Шрифт:
Интервал:
Закладка:
Очевидно, Набокова извечно восхищает феномен повторяемости и отражения, так как на Демонии, которая сама отражение, подобие становится основным мотивом в структуре романа. Заглавная пара, Ван и Ада, в дальнейшем отражается в длинной череде фон Винов и ван Винов, в именах Ванда, Ваня, Адула и Адора. «…Если некий закон логики, — пишет Ван, — и установит число совпадений в определенной области, они перестанут быть совпадениями и вместо этого образуют живой организм новой истины». При запредельном максимализме здесь истинным становится лишь ход умственного восприятия. Набоков заявил, что в его книге нет двойников; в самом деле, Ван именем соответствует слову «one» в «менее двугубном» русском выговоре своей матери. Очевидно, что сам автор стоит в конце длинной вереницы анаграмм и удвоений: Ван Вин — В.В. — Владимир Владимирович; Вин — Вэ. эН. Но в другом, смежном смысле — удвоения и отражения, в том числе и пара Ван-Ада, метафоричны и отражают связь между воспринимающим и воспринимаемым, между разумом и действительностью. Демония представляет собой космос значимости человеческого опыта; разгадав весь хитроумный ее смысл, это обилие близняшек и подобий, которые все сводятся к единственной, знаковой цифре «один», наш ум постигает и суть мироздания, ощущая себя в самой сердцевине этой сути. Это — субъективно-идеалистическое и монистическое представление о мире, в котором утверждается абсолютная необходимость собственного существования и исключается частичная или относительная. Как и стилизация образа и действия, подобное навязывание неоднократно повторяемого замысла является попыткой спасти жизненный опыт от времени и случайности, наделив его безупречностью рукотворного творения, чтобы превратить затем в нечто незыблемое, самодостаточное и совершенно искусственное, подобно золотой птице Йейтса.

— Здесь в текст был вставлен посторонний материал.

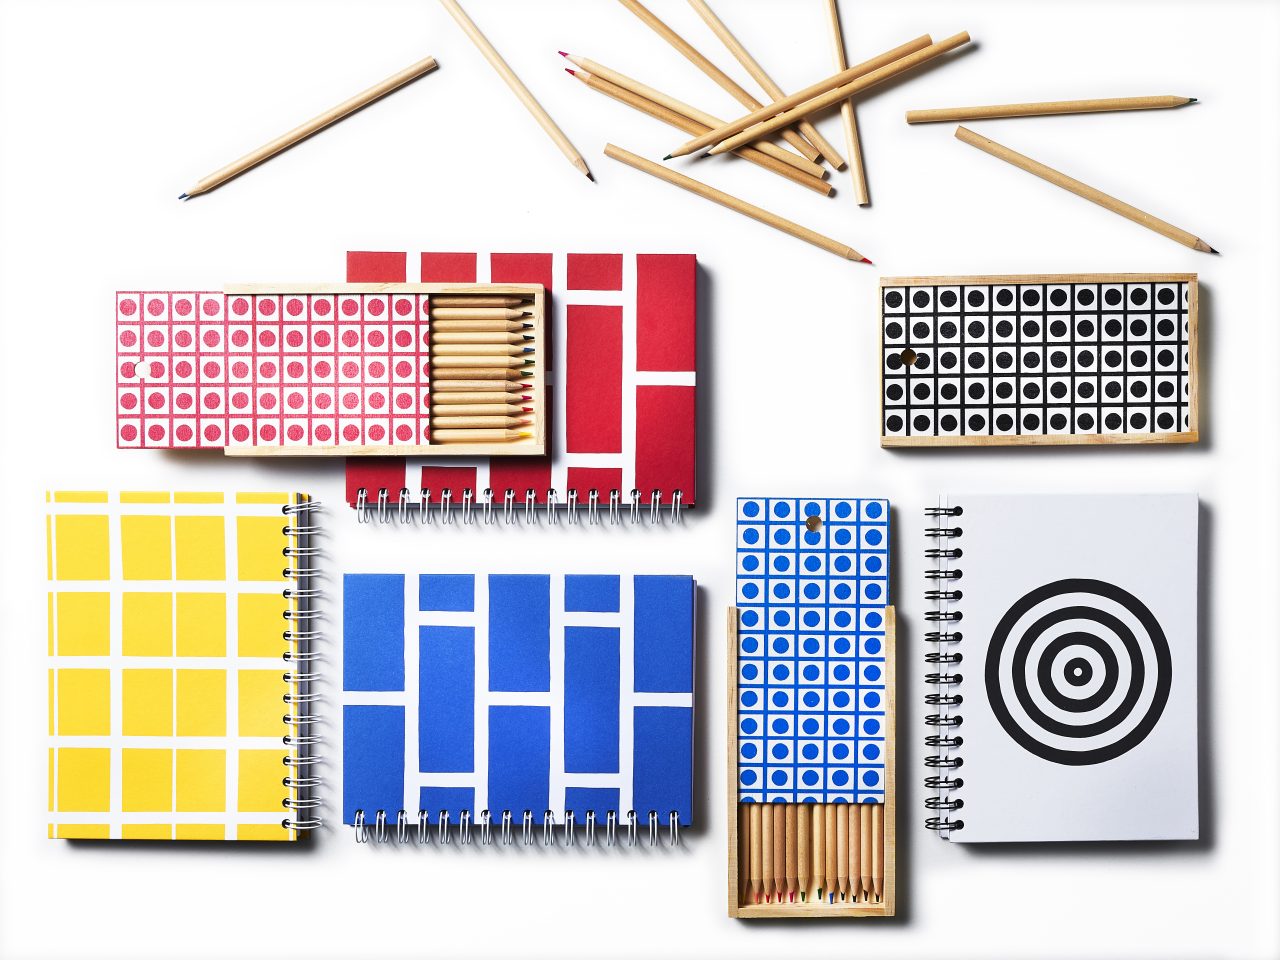 Notebooks, pens and wooden penholders with graphic patterns in blue/white, yellow/white, red/white, black/white.
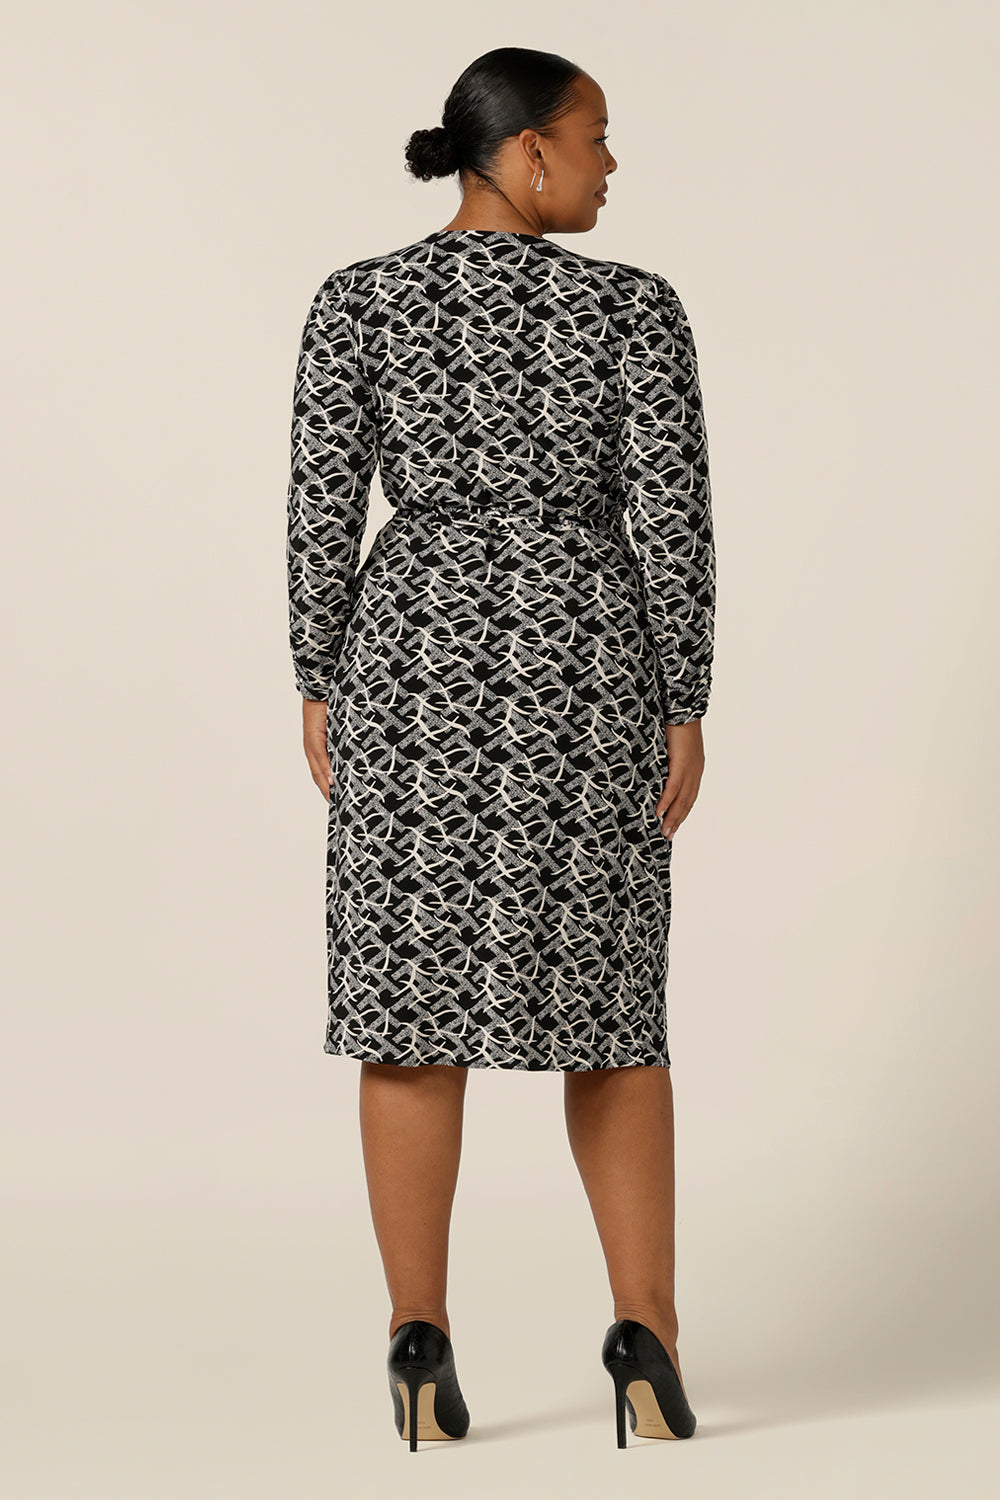 Back view of a long sleeve, black and white print, wrap dress with tulip skirt by Australian and New Zealand women's clothing label, L&F. Worn by a plus size woman, this jersey wrap dress is available in inclusive sizes, 8 to 24.

Главной метафорой равнозначности разума и действительности является в романе инцест. Воссоединяясь со своей сестрой, как бы своим близнецом, Ван обретает идеальное фокусирование разумного и плотского в своем двойнике-отражении. Рубец между субъектом и объектом затягивается, утраченное время обнаруживается, Рай обретается вновь. Подобный мир создан для человеческого наслаждения, как утверждают сами собой таинственные прелести удвоения и соответствия.
Рассуждая по поводу такой сложной и изысканной книги, как «Ада», испытываешь соблазн подменить само произведение представлением о нем. По правде говоря, сама книга значительно менее интересна и привлекательна, чем брезжущая в основе ее идея. Местами ее просто невозможно читать, там глаз прокатывается по страницам стеклянным шариком, не вбирая ничего в себя не потому, что они трудны, а потому что все эти трудности кажутся пустыми и ненужными. Эта проза невыносимо вычурна, развитие сюжета стопорится и прерывается трехъязычными каламбурами, взятым в скобки переводом французских и русских фраз, пометками в адрес читателя или машинистки, а также комментариями редактора или же самой Ады, стиль которой еще более напыщен, чем у Вана. Аллитерации и игра словами, всегда придававшие прозе Набокова особый искристый блеск, в своем изобилии доходят здесь до horror vacui[230], присущей стилю «модерн». И если тема «Ады» грандиозна, то сюжет романа легковесен; по сути, тут не хватает событий для разворота — здесь лишь страсть Вана и Ады, остающаяся неизменной с начала и до конца. Большинство эпизодов, разрабатывающих этот мотив, скажем, взаимоотношения Вана с прочими Адиными любовниками, выглядят чистой пародией. В них не видно ни единой попытки обращения к достоверности, они не отражают психологическую эволюцию и не встречают ни малейшего эмоционального отклика.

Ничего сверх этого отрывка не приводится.